--- WHAT IS BEING ASKED ---
Pictures are not part of the copy. Set down exactly the lines from the one containing "pH3B Curl ID Pudding (Pro Stylist Only)" through the last line of the material below.

[[ DATASET EXCERPT open ]]

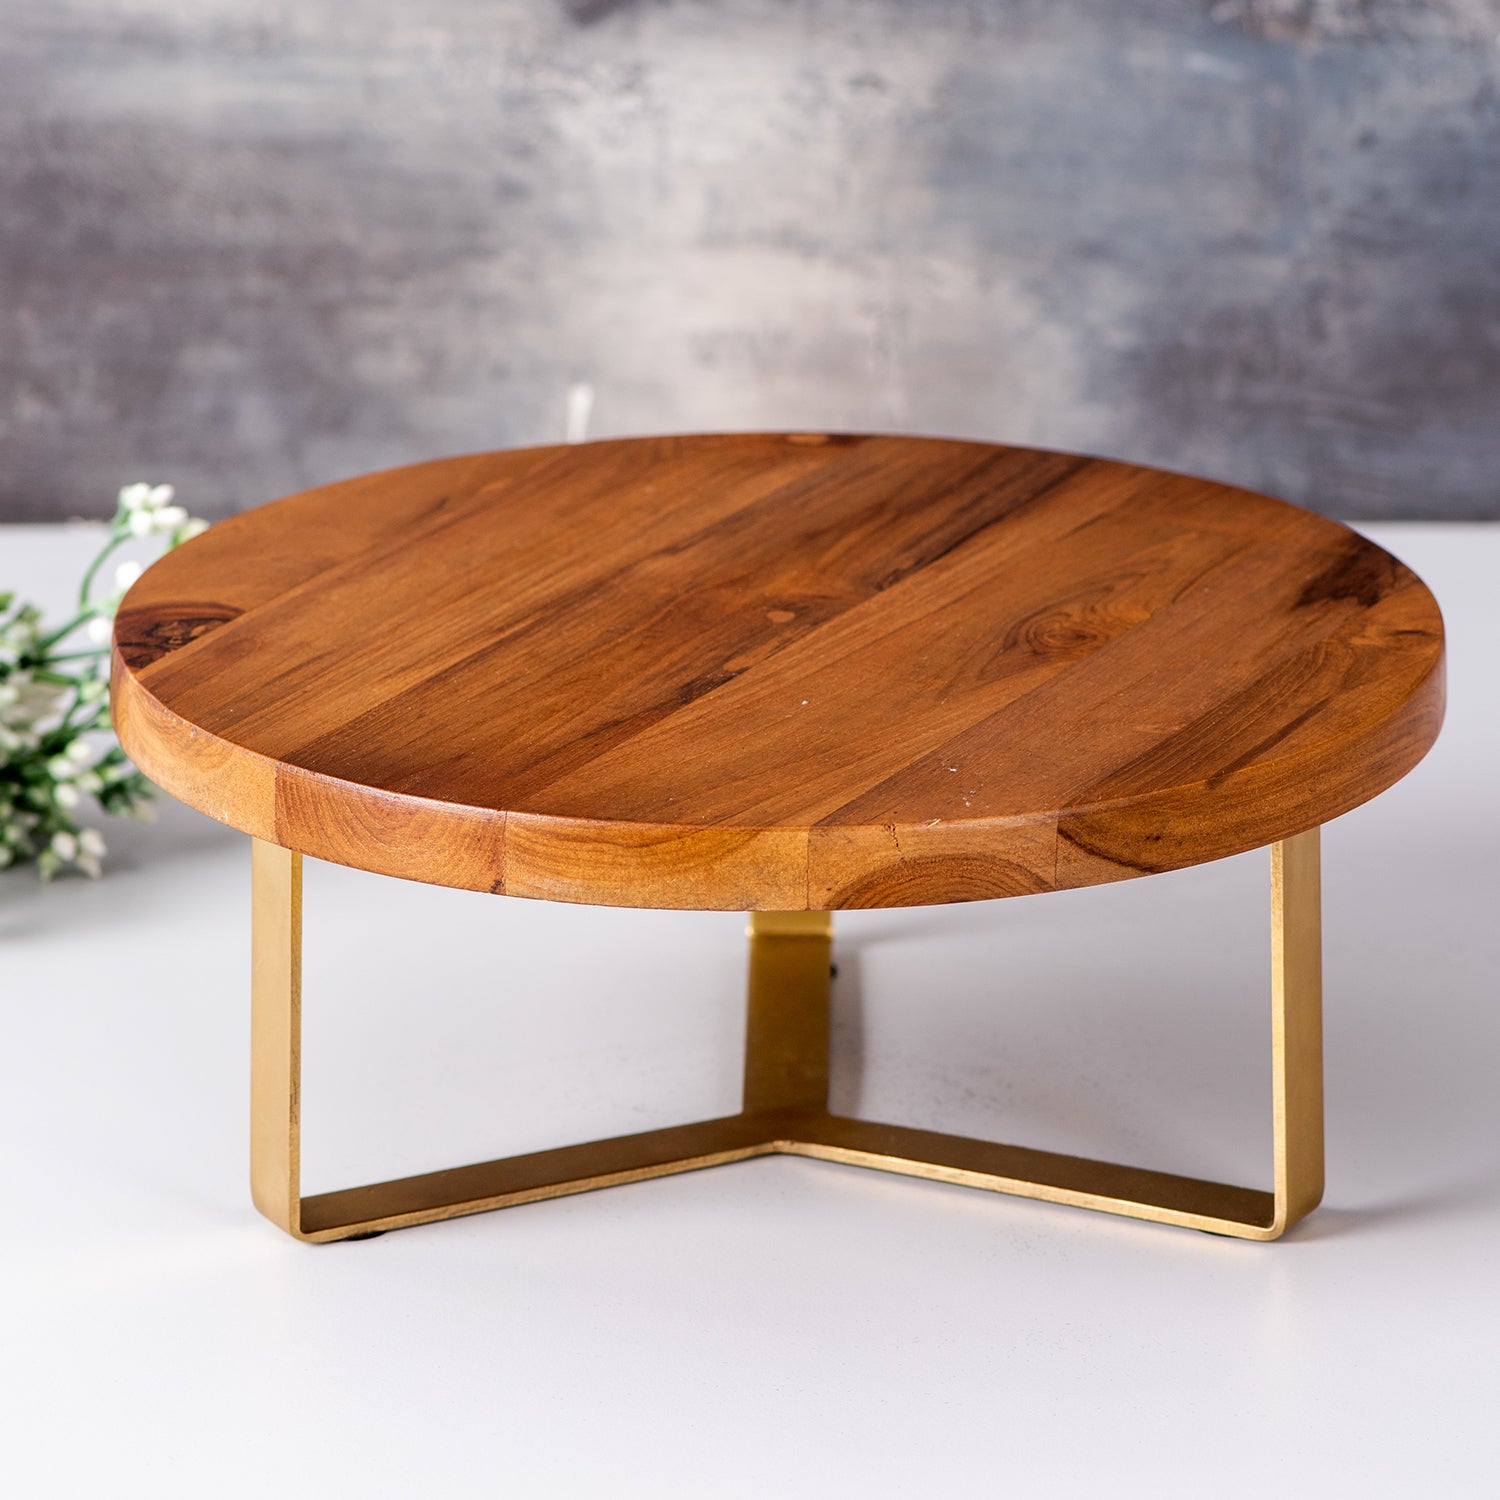 Buy Brown and Green Wooden Cake Stand Online in India at Best
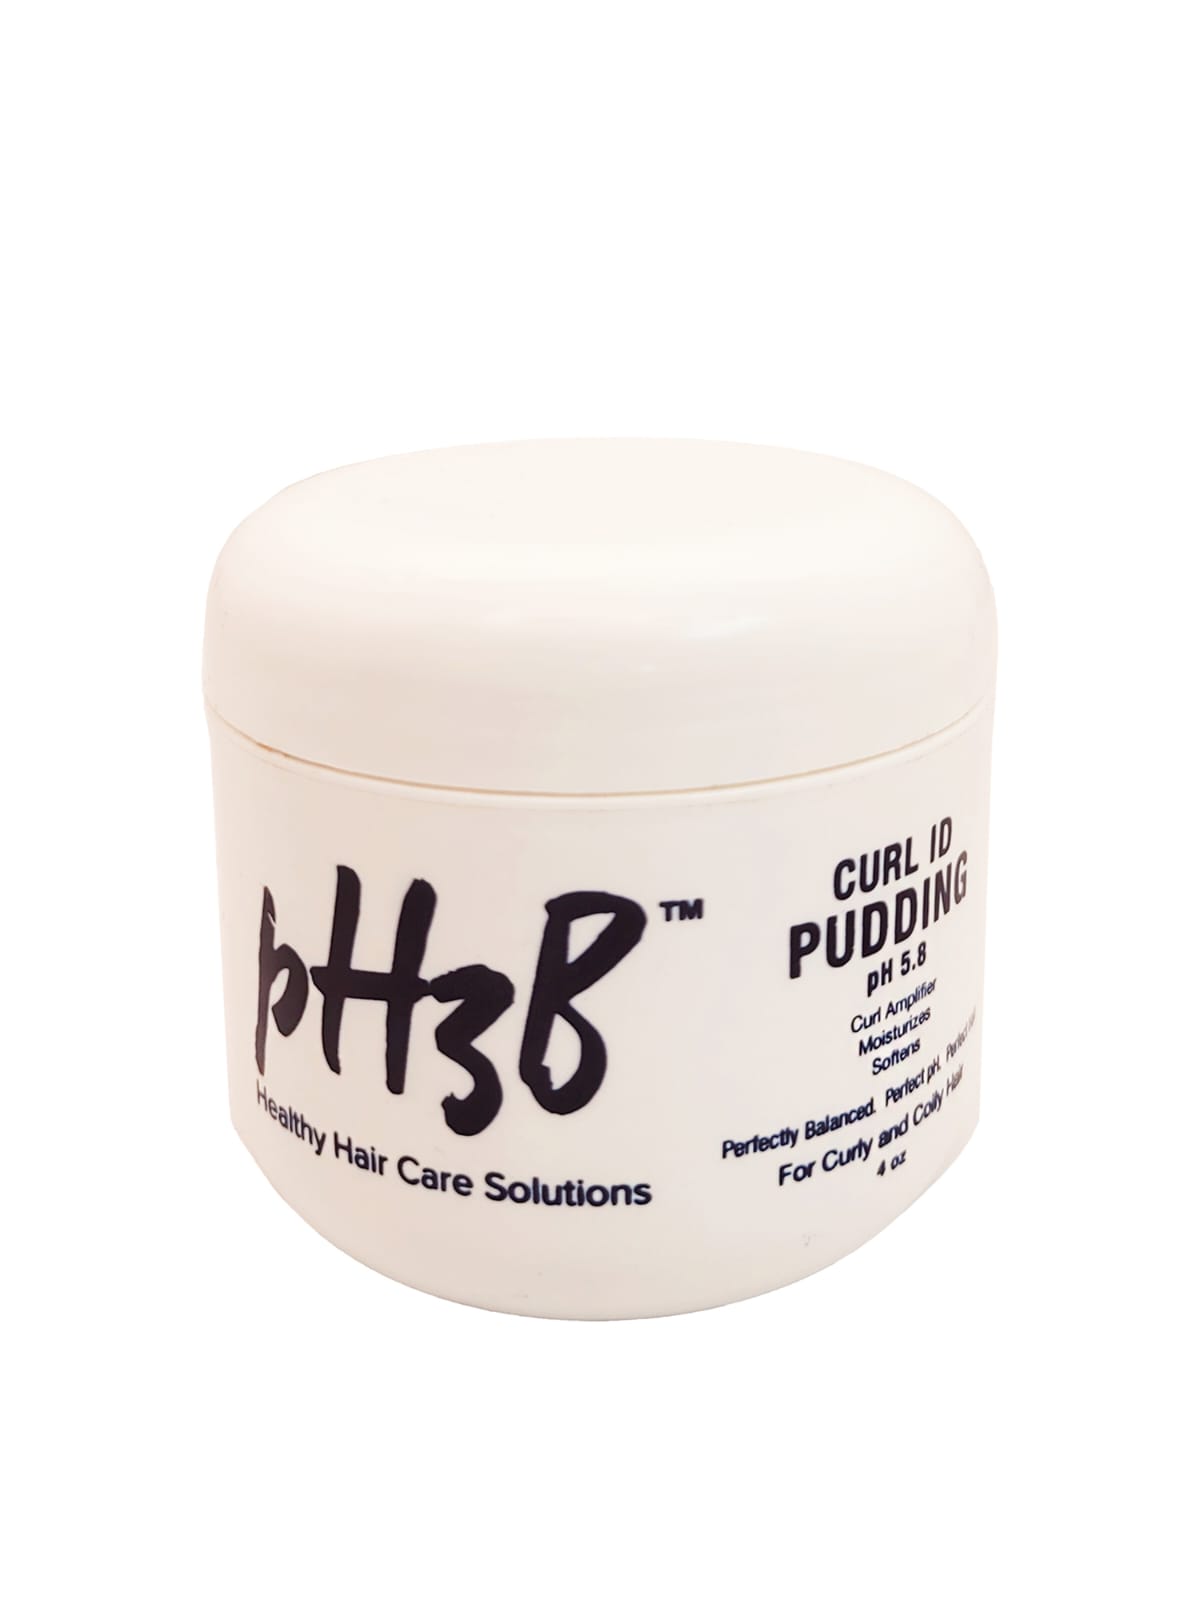 pH3B Curl ID Pudding (Pro Stylist Only)
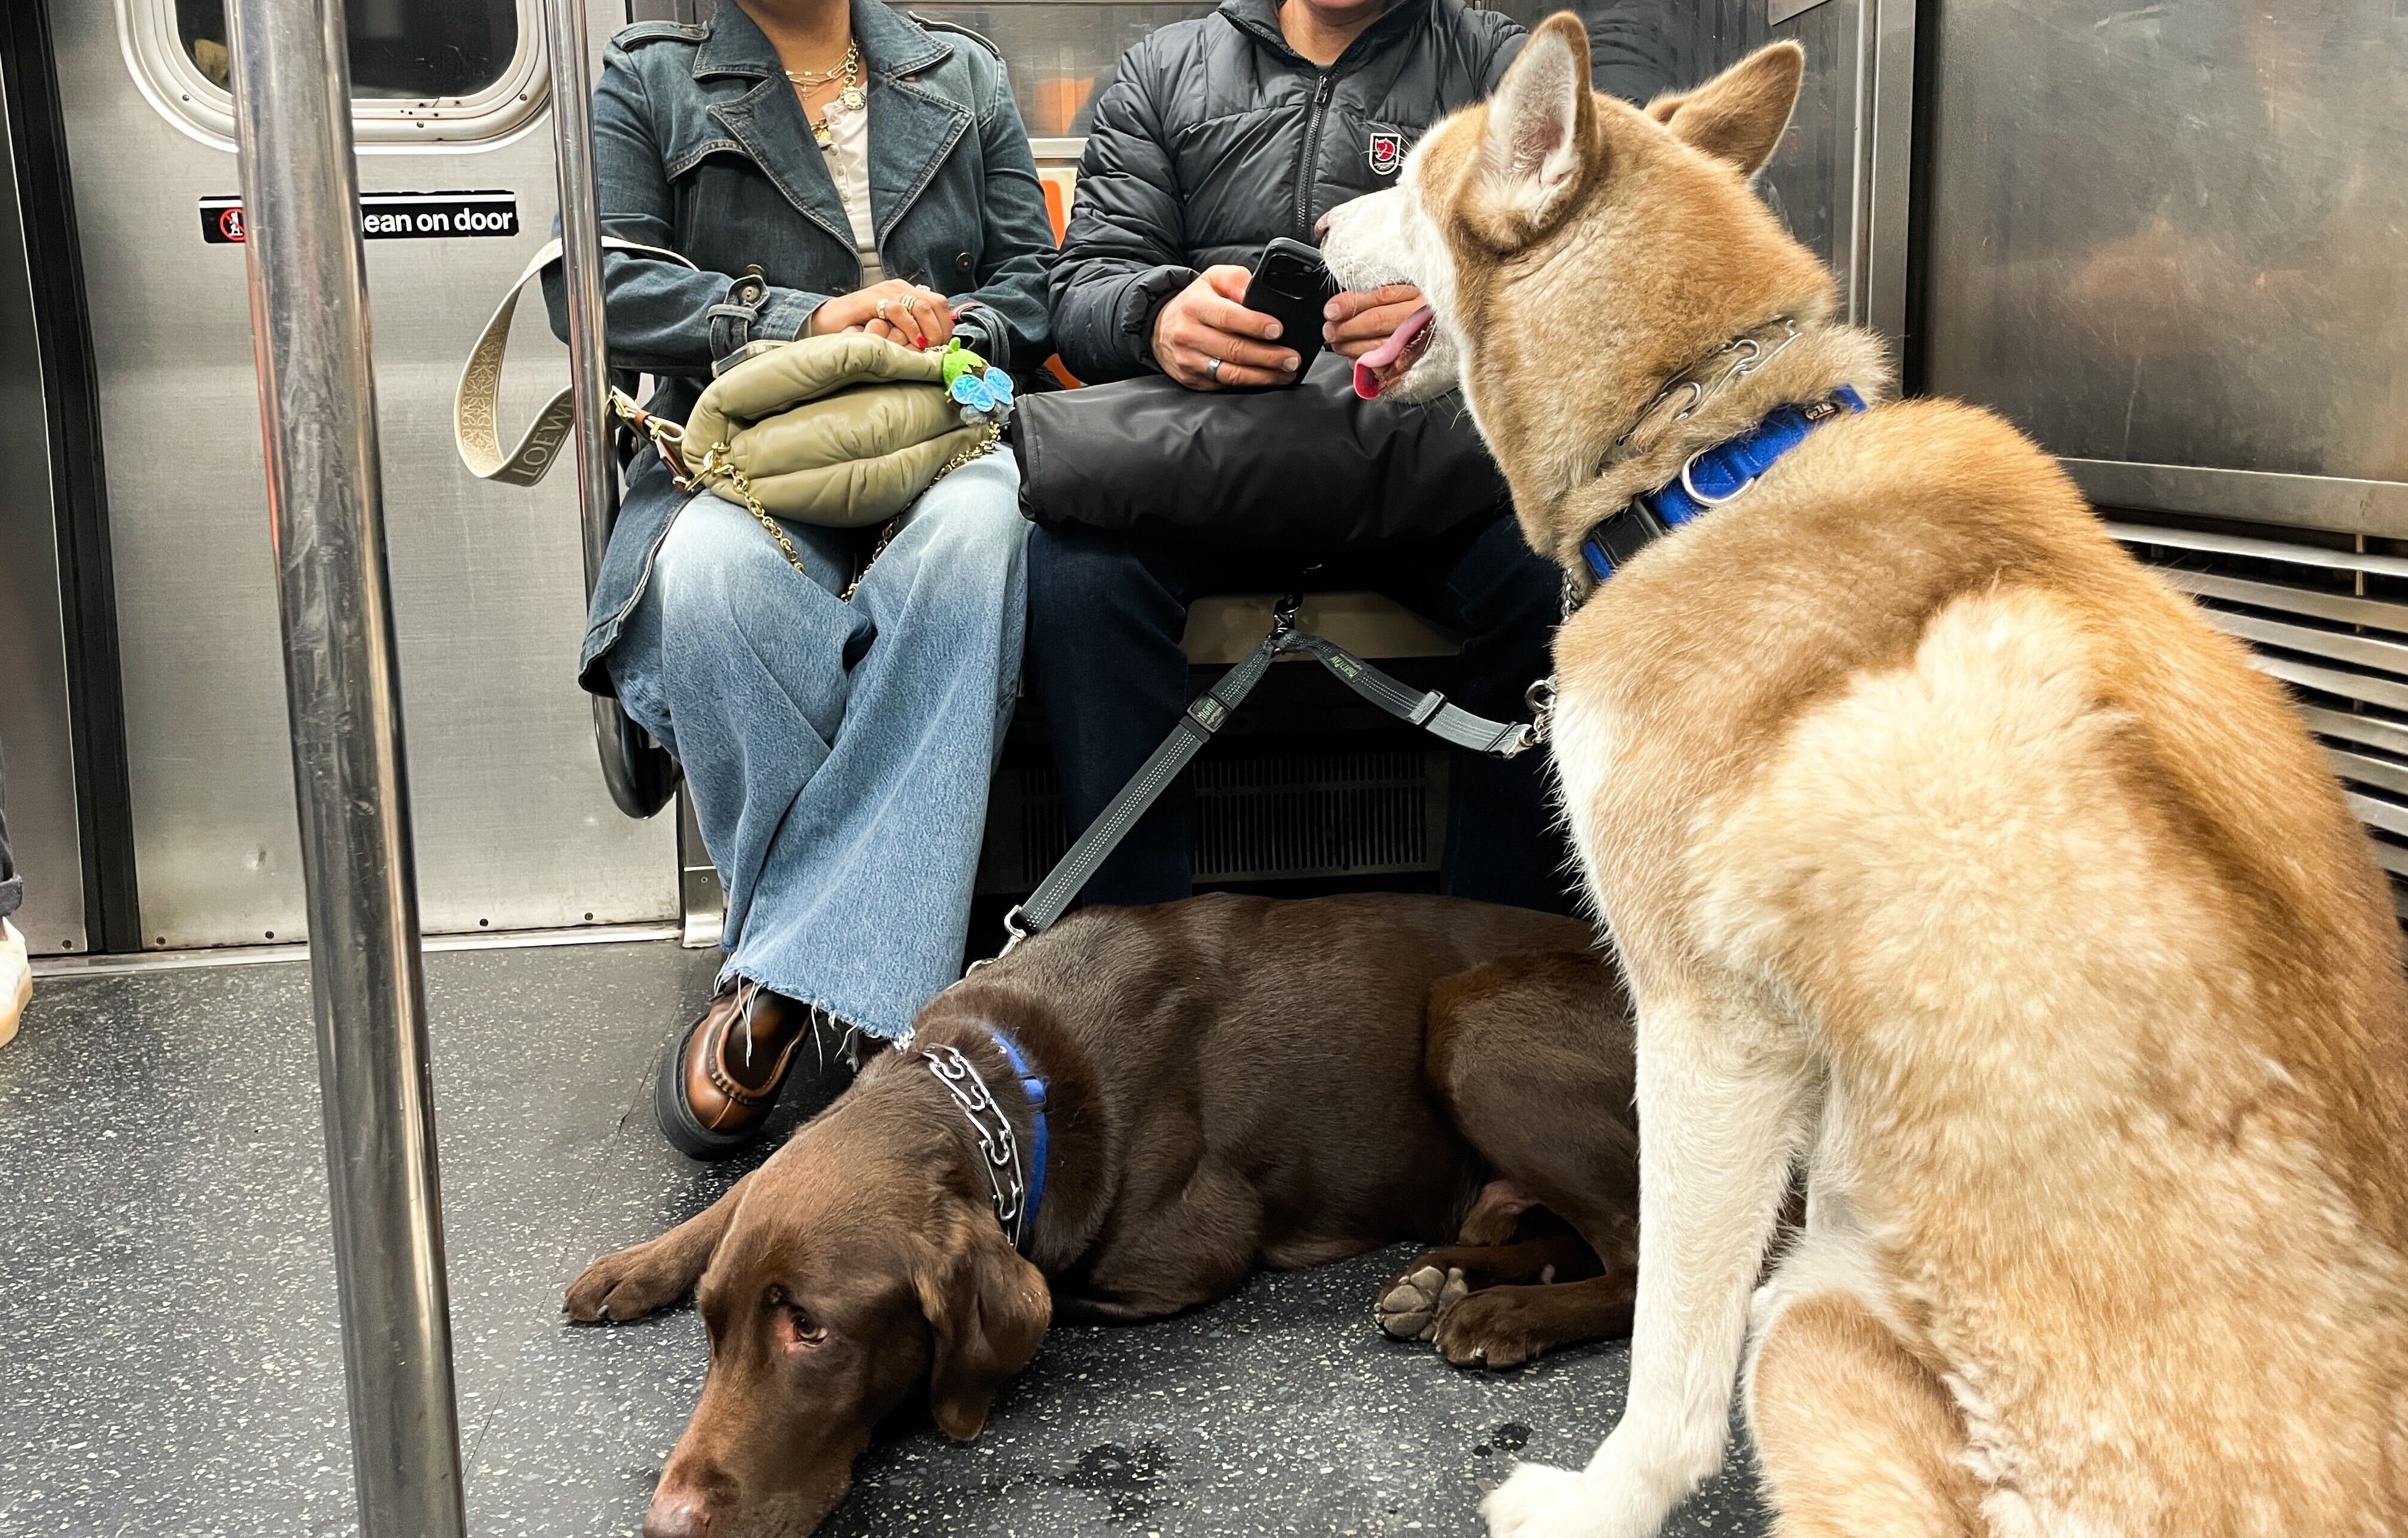 Two large dogs sit on a New York City subway car.

[[ DATASET EXCERPT closed ]]

--- SOLUTION TO THE EXERCISE ---
 pH3B Curl ID Pudding (Pro Stylist Only)
 Two large dogs sit on a New York City subway car.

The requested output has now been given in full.